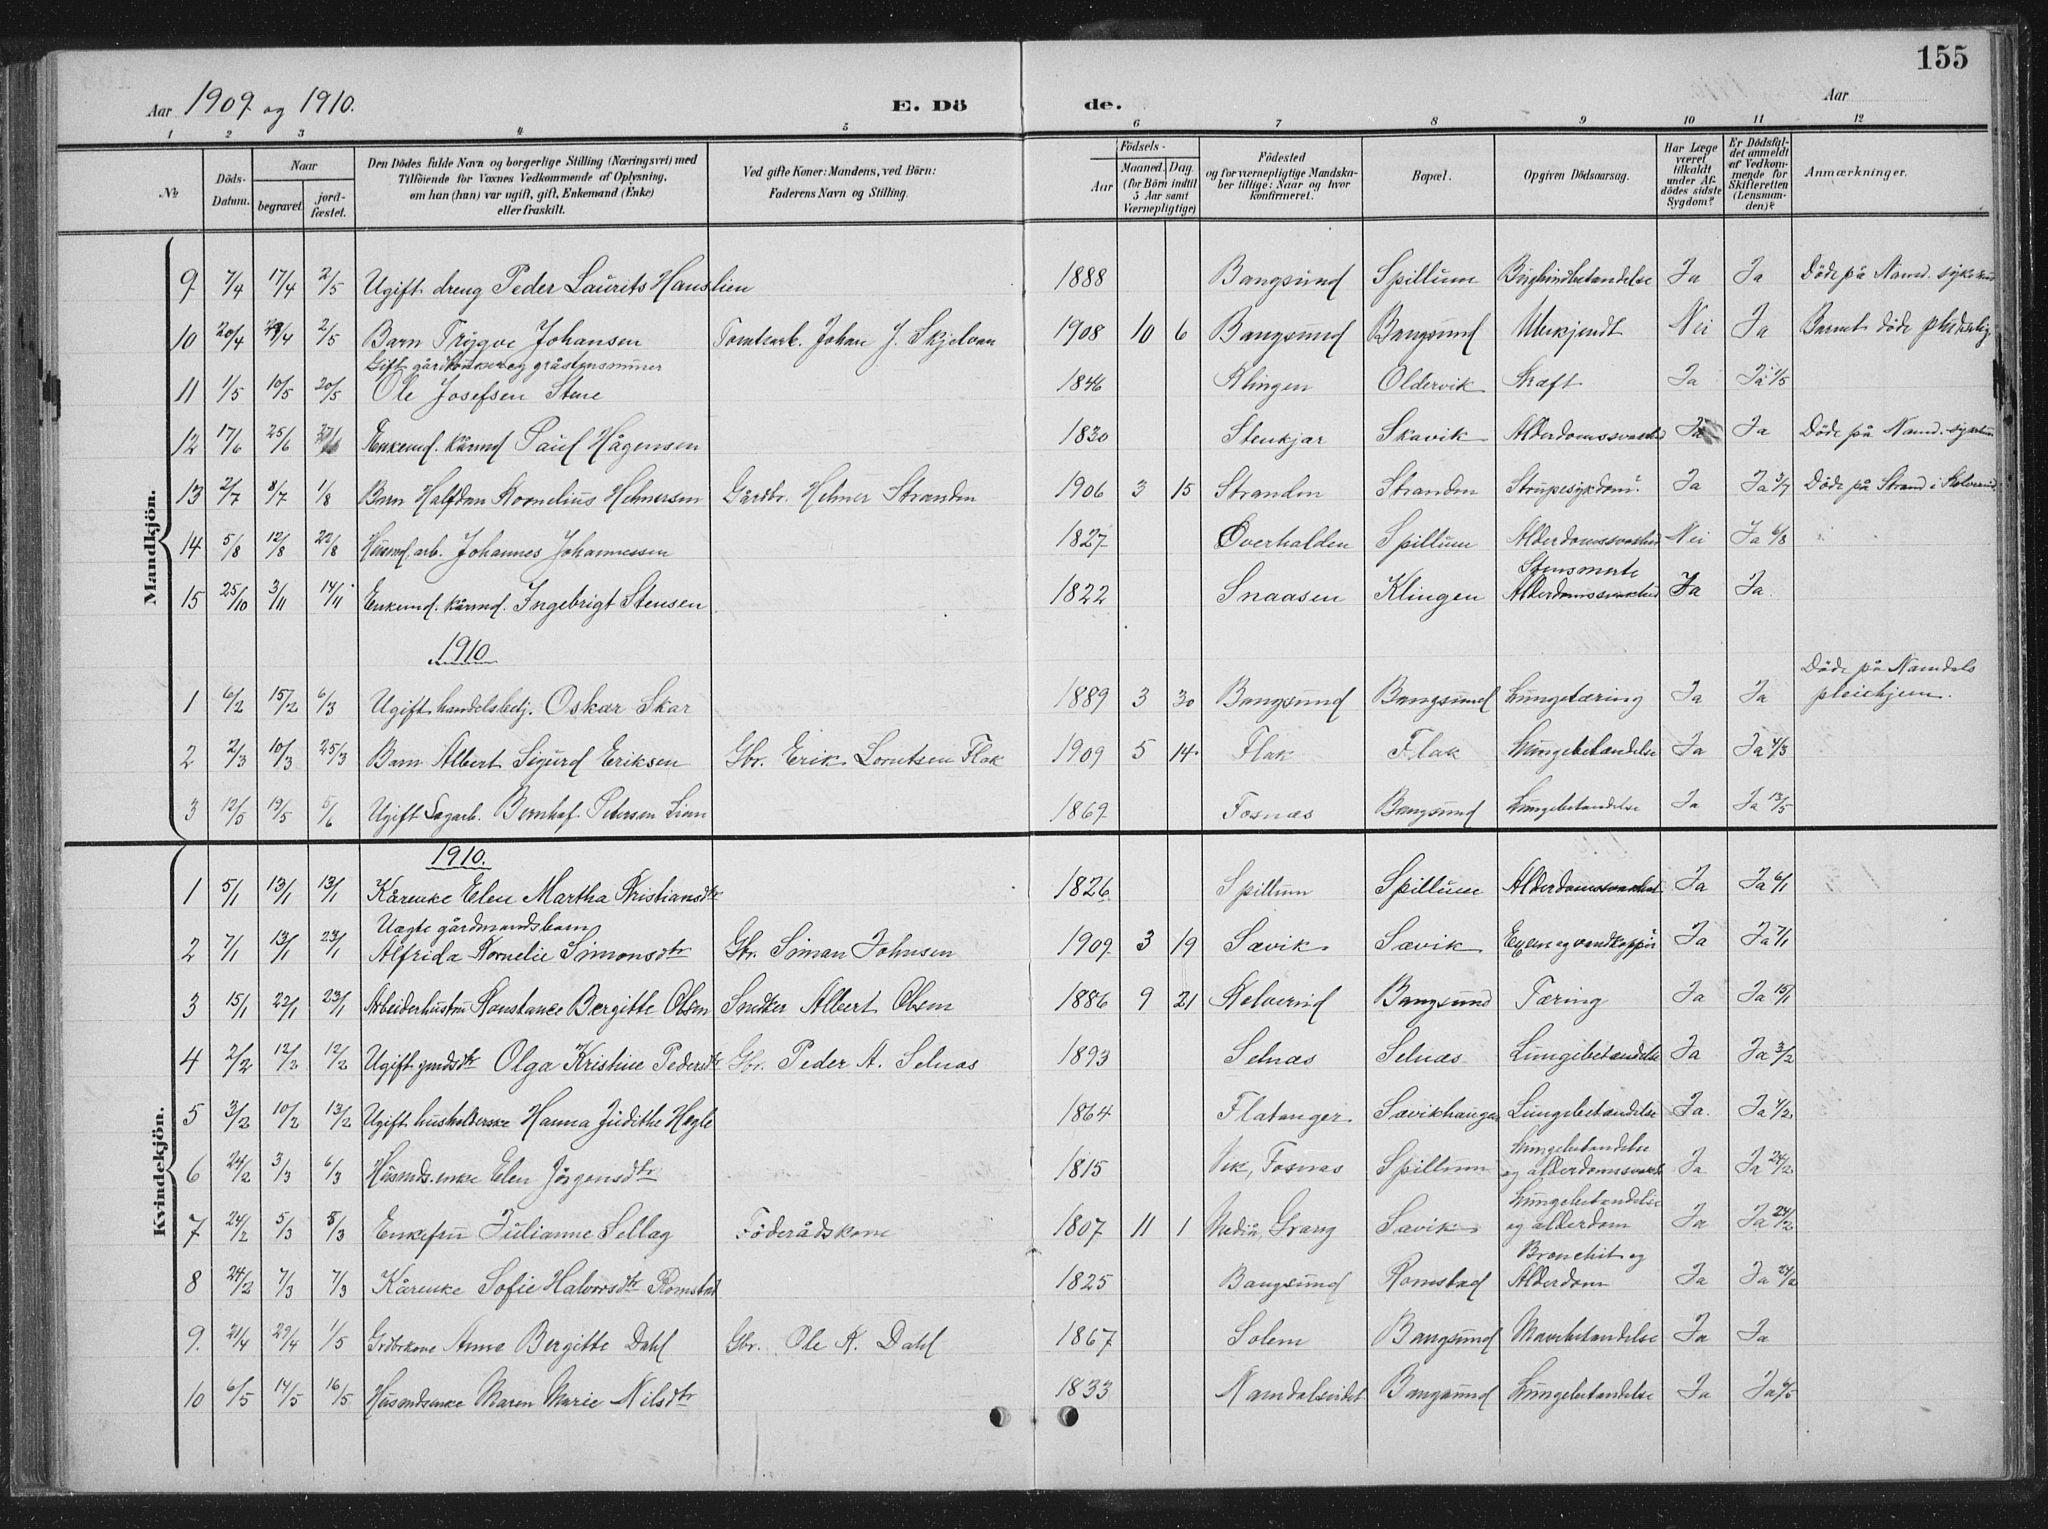 SAT, Ministerialprotokoller, klokkerbøker og fødselsregistre - Nord-Trøndelag, 770/L0591: Klokkerbok nr. 770C02, 1902-1940, s. 155
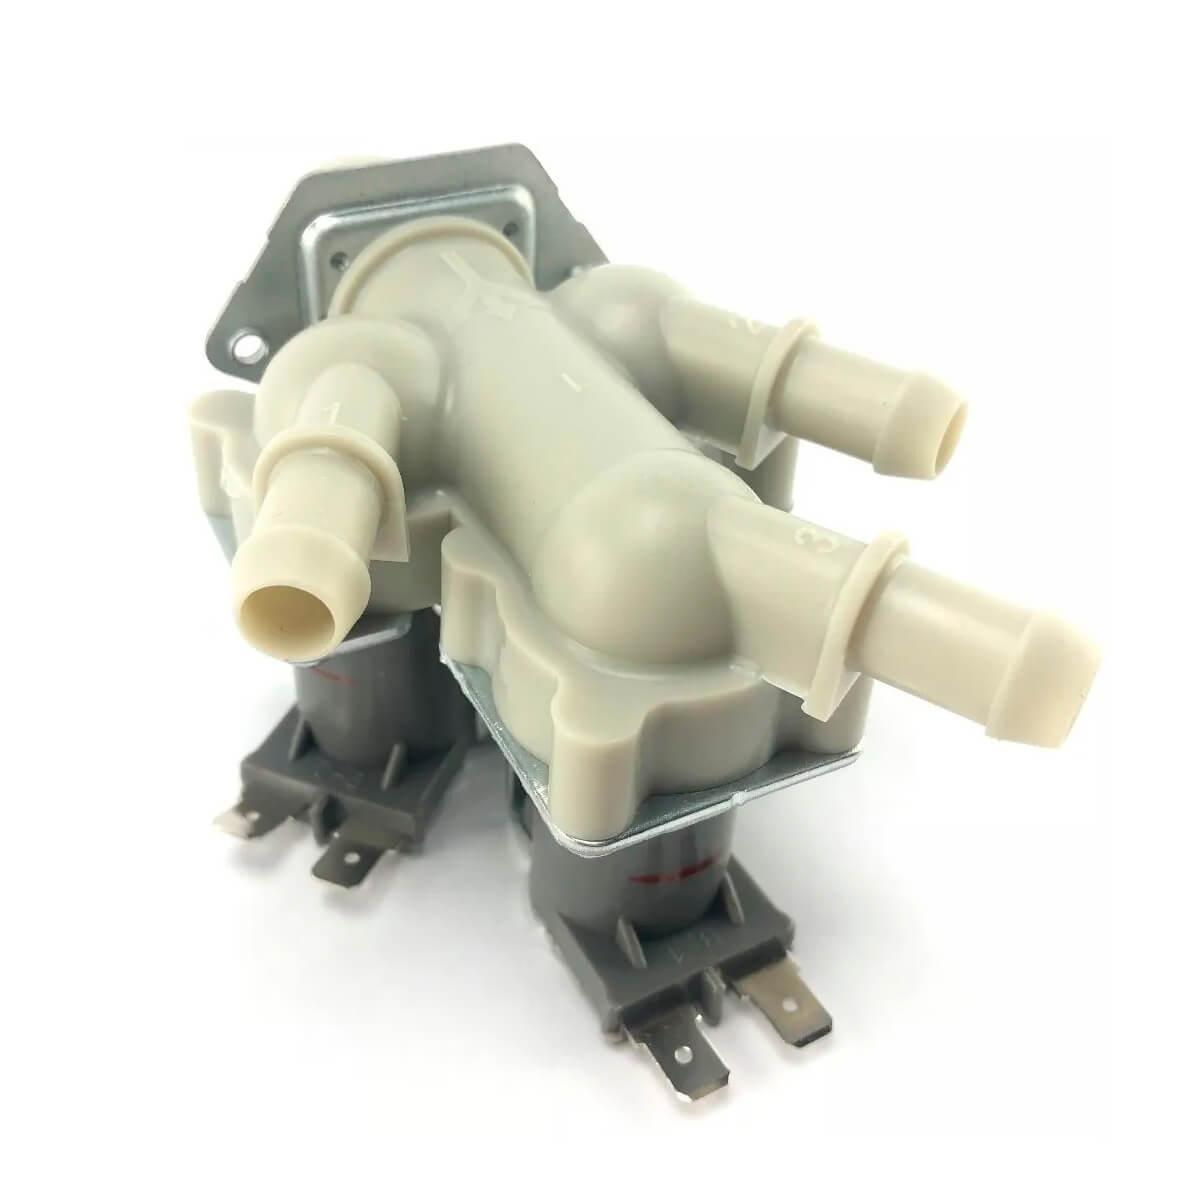 Válvula Entrada De Água Fria Lava e Seca 127v Electrolux -  15415070
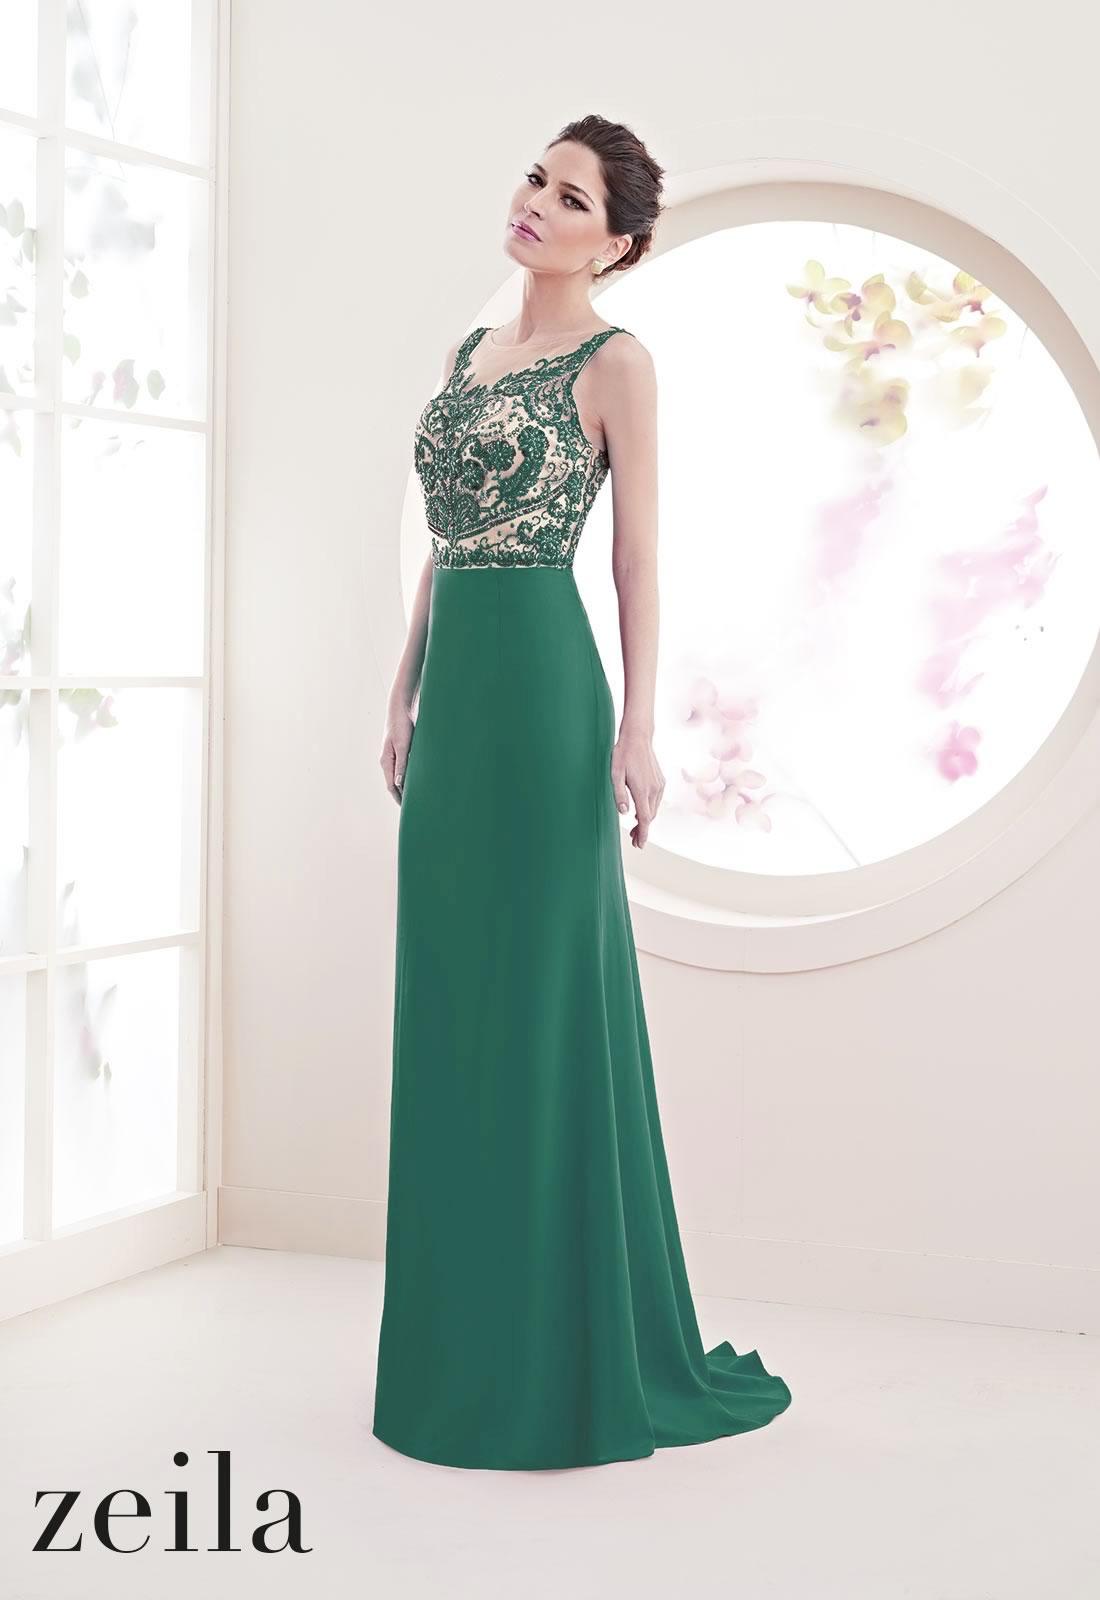 435ce3436 TodoBoda.com - 10 vestidos de fiesta para bodas de verano

**TRY IT:**
Print exactly the lines from the line with "Válvula Entrada De" through the end of the data, both ends included, and print no pictures.

**OUTPUT:**
 Válvula Entrada De Água Fria Lava e Seca 127v Electrolux -  15415070
 435ce3436 TodoBoda.com - 10 vestidos de fiesta para bodas de verano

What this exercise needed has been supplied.